Antimicrobial resistance (AMR) is recognized as one of the major threats to global health
[1], causing up to 25.000 deaths in the European Union every year, longer
hospitalizations and increased healthcare costs. It is well known that antimicrobial use
is the main driving force towards AMR and up to 50% of antimicrobial prescriptions are
either inappropriate or unnecessary [2]. It is then important to understand how to
optimize antimicrobial usage not only in adults but also in infants, as they show
different resistance patterns and have peculiar characteristics that may lead to
incorrect administration and alteration of the pharmacokinetic and pharmacodynamic
properties of the drug [3]. Antimicrobials are the most prescribed drugs in children
[4][5] and this excessive usage has been recorded not only in developed countries, but
also in low-income and middle-income ones [6]. In Europe, Italy reported one of the
highest prescriptions rates, four times higher than the UK and six times higher than the
Netherlands [7][8]. 84% of Italian infants in the community have already received at
least one course of antibiotics at 2 years of age [9]. A point-prevalence survey (PPS)
showed that 38.9% of hospitalized Italian infants received at least one antibiotic
prescription both for treatment and prophylaxis; in children, the most commonly used
antibiotic classes were third generation cephalosporins and penicillins plus enzyme
inhibitors, with a high prescription rates of carbapenems and quinolones as well, often
off-label [10]. In order to limit misuse and overuse of antibiotics in children, the
joint SHEA-IDSA-PIDS position paper states the importance of introducing antimicrobial
stewardship programs (ASPs) in all healthcare institutions [11].
Antimicrobial stewardship has been defined as "the optimal selection, dosage, and
duration of antimicrobial therapy that results in the best clinical outcome for the
treatment or prevention of infection, with minimal toxicity to the patient and minimal
impact on subsequent resistance" [12]. So far, little progress has been made with
developing pediatric ASPs, especially outside the United States healthcare system.

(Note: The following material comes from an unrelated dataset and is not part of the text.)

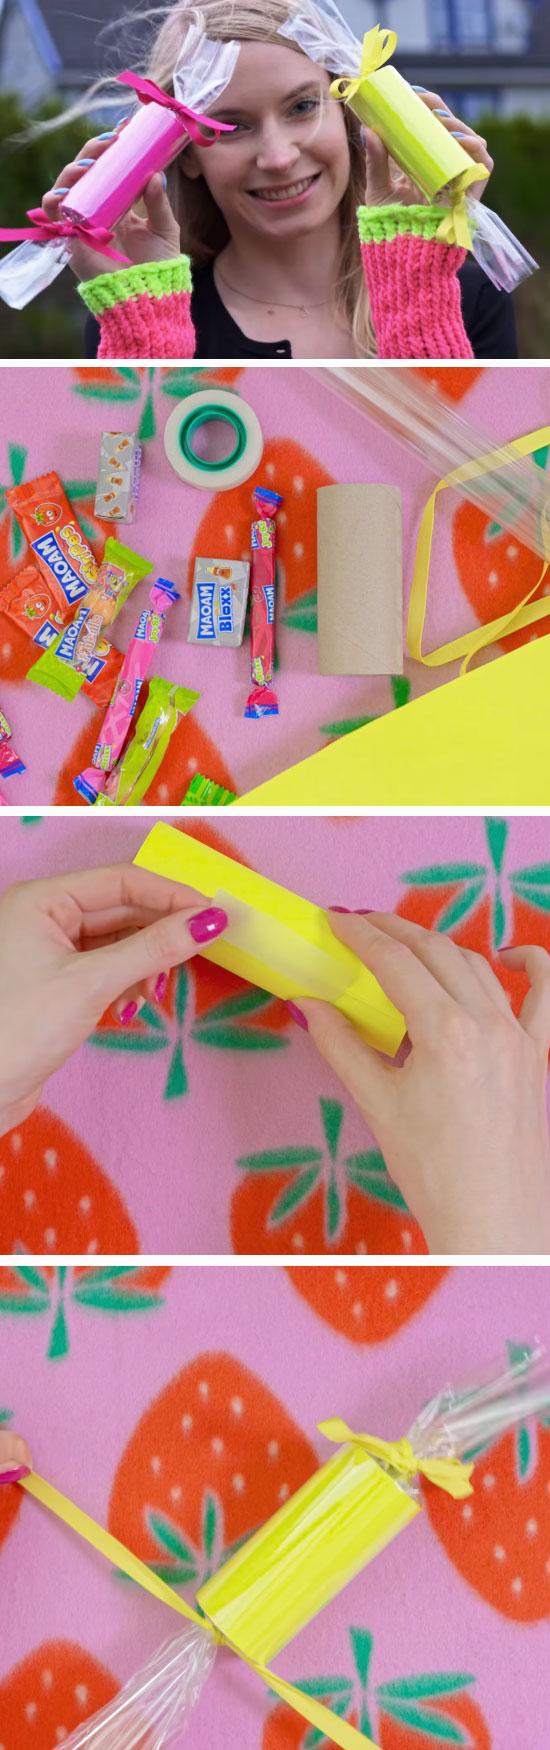 Candy Bon Bons.

One of the most important studies conducted in Europe in this field, the ARPEC project,
was designed as a PPS: this type of strategy is very useful if repeated regularly, as it
allows to monitor prescription trends over time and to identify the problem of
inappropriate antibiotic usage [13]. However, it has been shown that PPSs are not
sufficient by themselves to change the clinical practice if not combined with other
methods [14], such as pre-prescription authorization, prospective audit and feedback,
educational and training programmes or technological means of support. In USA,
methicillin-resistant Staphylococcus aureus (MRSA) in children mainly causes skin and
soft tissue infections but invasive diseases were increasingly reported in 1995-2010
[15]. Studies on MRSA carriage in healthy children showed great geographic variation
(from less than 1% in Belgium to 15% in Taiwan) that depend on many local differences
[16]. Nevertheless, very few studies have been performed on the influence of antibiotic
prescription in the acquisition of resistant microorganism such MRSA in pediatric
population.
The aim of this study is to estimate the incidence of MRSA nasal colonization and
invasive disease and to investigate the impact of antibiotic treatment during
hospitalization on the acquisition of MRSA nasal colonization in children.